Supported language, format, and size
The files you can scan with the text recognition model must have these characteristics:
- Language for print text: Afrikaans, Albanian, Angika (Devanagiri), Arabic, Asturian, Awadhi-Hindi (Devanagiri), Azerbaijani (Latin), Bagheli, Basque, Belarusian (Cyrillic), Belarusian (Latin), Bhojpuri-Hindi (Devanagiri), Bislama, Bodo (Devanagiri), Bosnian (Latin), Brajbha, Breton, Bulgarian, Bundeli, Buryat (Cyrillic), Catalan, Cebuano, Chamling, Chamorro, Chhattisgarhi (Devanagiri), Chinese (Simplified), Chinese (Traditional), Cornish, Corsican, Crimean Tatar (Latin), Croatian, Czech, Danish, Dari, Dhimal (Devanagiri), Dogri (Devanagiri), Dutch, English, Erzya (Cyrillic), Estonian, Faroese, Fijian, Filipino, Finnish, French, Friulian, Gagauz (Latin), Galician, German, Gilbertese, Gondi (Devanagiri), Greenlandic, Gurung (Devanagiri), Haitian Creole, Halbi (Devanagiri), Hani, Haryanvi, Hawaiian, Hindi, Hmong Daw (Latin), Ho(Devanagiri), Hungarian, Icelandic, Inari Sami, Indonesian, Interlingua, Inuktitut (Latin), Irish, Italian, Japanese, Jaunsari (Devanagiri), Javanese, Kabuverdianu, Kachin (Latin), Kangri (Devanagiri), Karachay-Balkar, Kara-Kalpak (Cyrillic), Kara-Kalpak (Latin), Kashubian, Kazakh (Cyrillic), Kazakh (Latin), Khaling, Khasi, K'iche', Korean, Korku, Koryak, Kosraean, Kumyk (Cyrillic), Kurdish (Arabic), Kurdish (Latin), Kurukh (Devanagiri), Kyrgyz (Cyrillic), Lakota, Latin, Lithuanian, Lower Sorbian, Lule Sami, Luxembourgish, Mahasu Pahari (Devanagiri), Malay (Latin), Maltese, Malto (Devanagiri), Manx, Maori, Marathi, Mongolian (Cyrillic), Montenegrin (Cyrillic), Montenegrin (Latin), Neapolitan, Nepali, Niuean, Nogay, Northern Sami (Latin), Norwegian, Occitan, Ossetic, Pashto, Persian, Polish, Portuguese, Punjabi (Arabic), Ripuarian, Romanian, Romansh, Russian, Sadri (Devanagiri), Samoan (Latin), Sanskrit (Devanagari), Santali (Devanagiri), Scots, Scottish Gaelic, Serbian (Latin), Sherpa (Devanagiri), Sirmauri (Devanagiri), Skolt Sami, Slovak, Slovenian, Somali (Arabic), Southern Sami, Spanish, Swahili (Latin), Swedish, Tajik (Cyrillic), Tatar (Latin), Tetum, Thangmi, Tongan, Turkish, Turkmen (Latin), Tuvan, Upper Sorbian, Urdu, Uyghur (Arabic), Uzbek (Arabic), Uzbek (Cyrillic), Uzbek (Latin), Volapük, Walser, Welsh, Western Frisian, Yucatec Maya, Zhuang, Zulu
- Language for handwritten text: English, Chinese (Simplified), French, German, Italian, Japanese, Korean, Portuguese, Spanish
- Format:
- JPG
- PNG
- BMP
- Size: 20 MB maximum
- For PDF documents, only the first 2,000 pages are processed.
Model output
If a document is detected, the text recognition model outputs the following information:
- Results: A list of lines extracted from the input text.
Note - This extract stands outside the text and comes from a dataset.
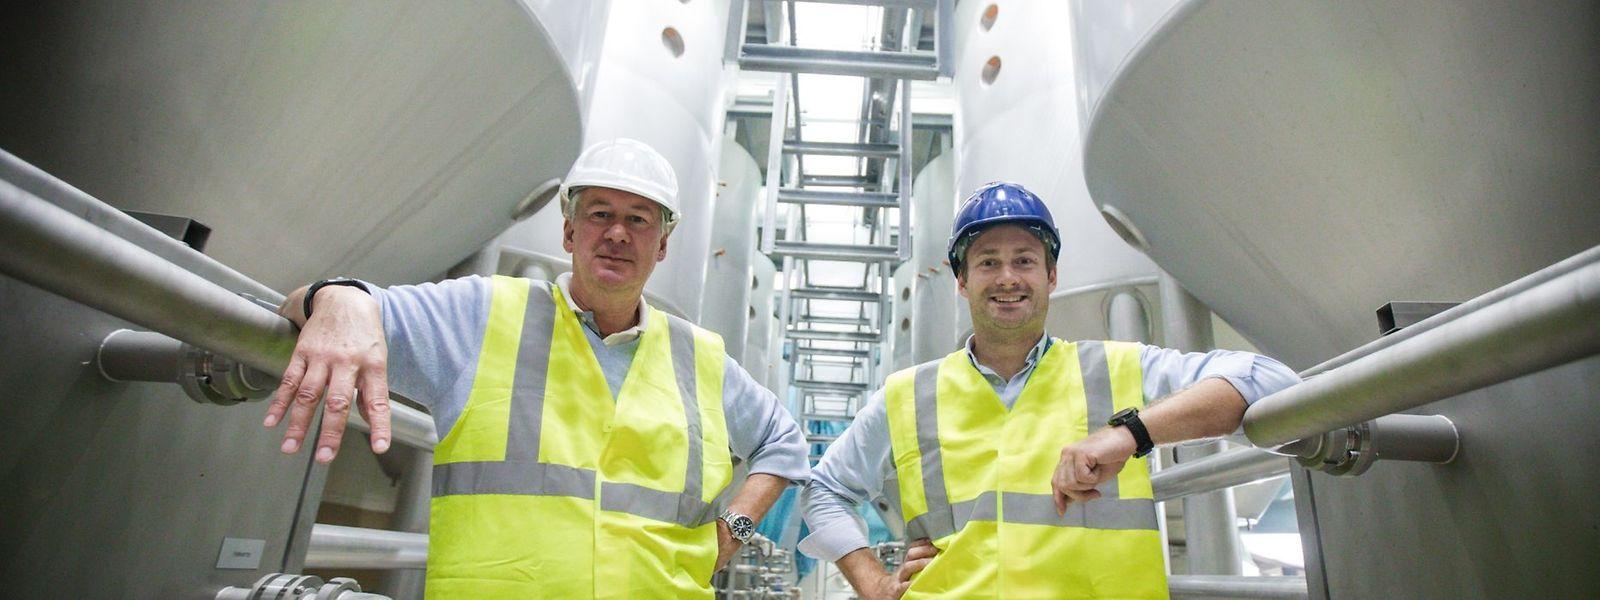 Der neue Diekircher Brauerei-Manager Pierre Van Vynckt (links) und der neue ABInBev-Landeschef Gilles Nackaerts (rechts) haben sich den 15. November 2018 rot im Kalender markiert.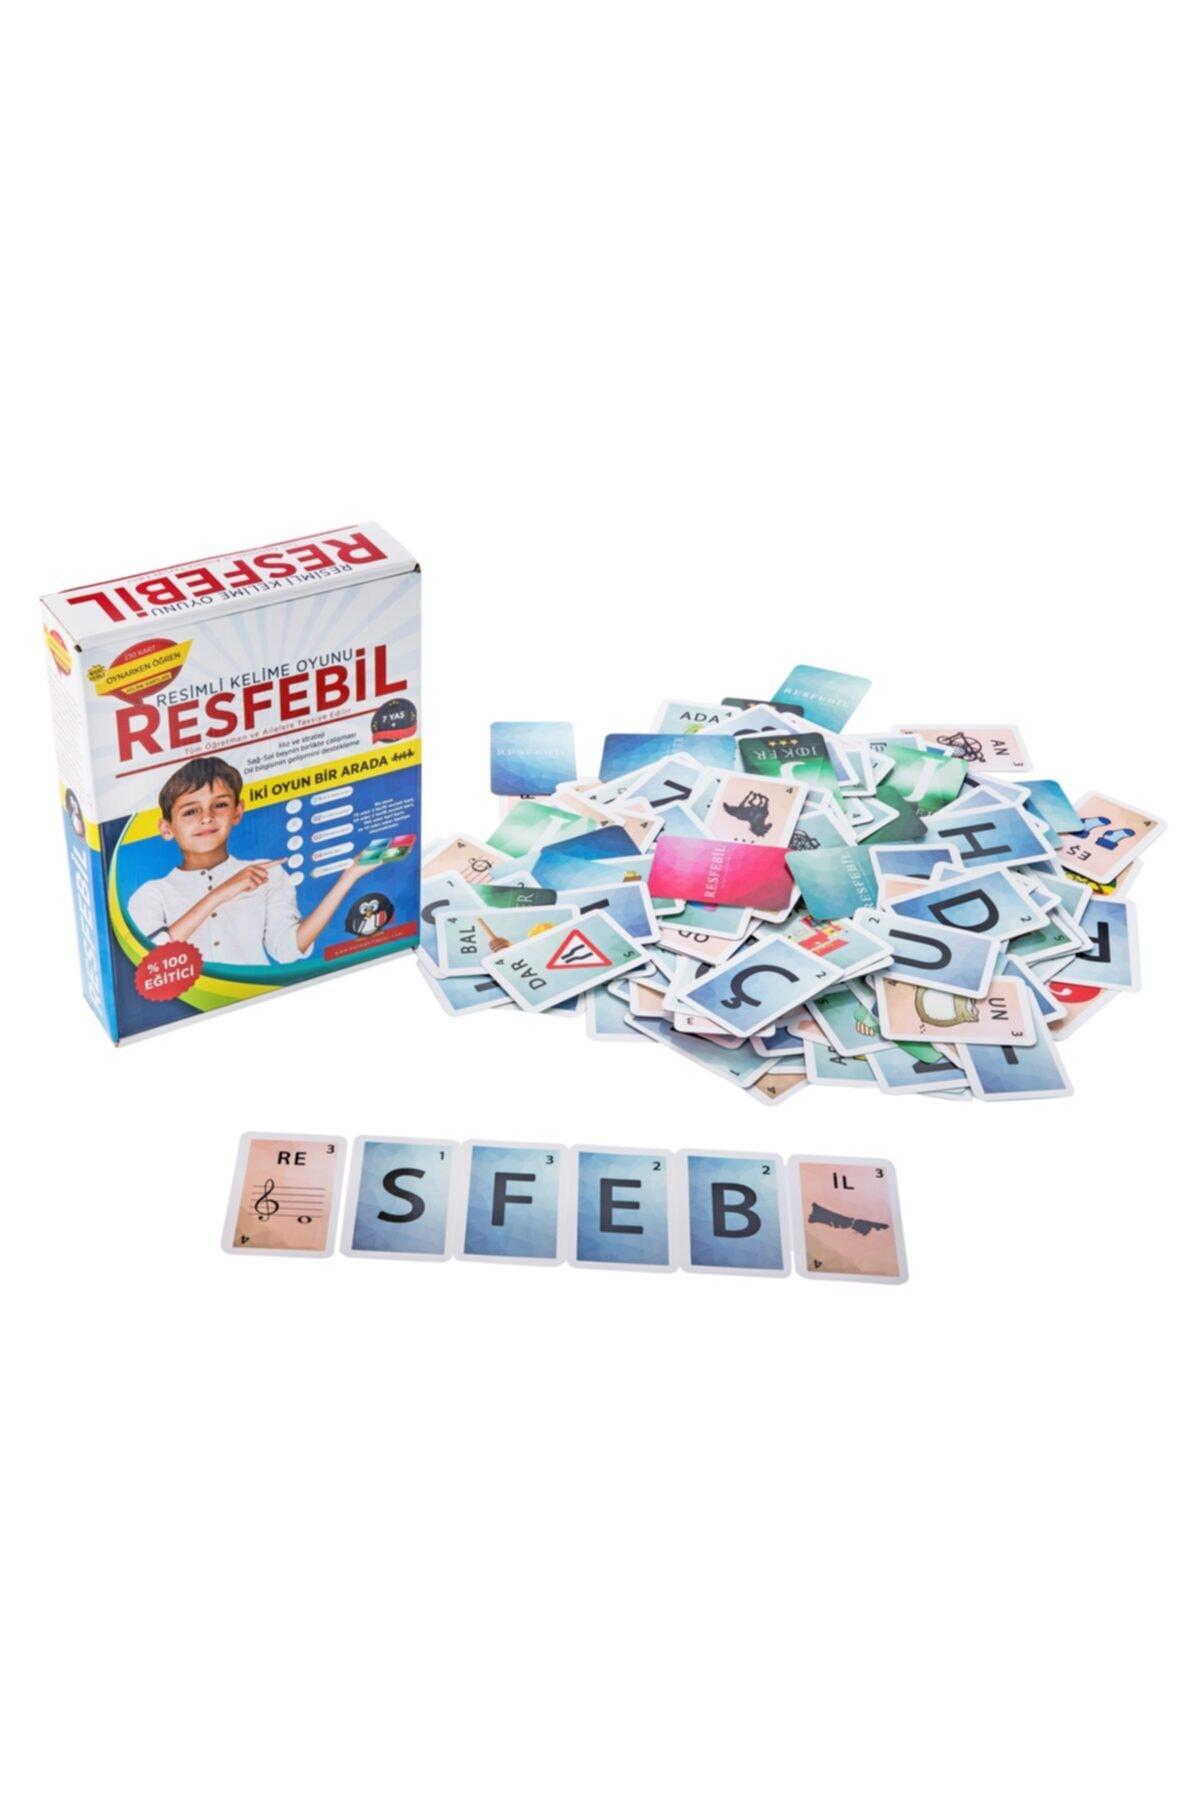 Karma Kitaplar Resfebil Resimli Kelime Oyunu - Aktivite Ve Eğitici Kitap - Zeka Gelişimi 1

- Text: Strings containing the line of text detected.
- BoundingBox: Four values representing the bounding box, described by using the top and left positions along with its width and height.
Limits
Action | Limit | Renewal period |
---|---|---|
Text recognition calls (per environment) | 480 | 60 seconds |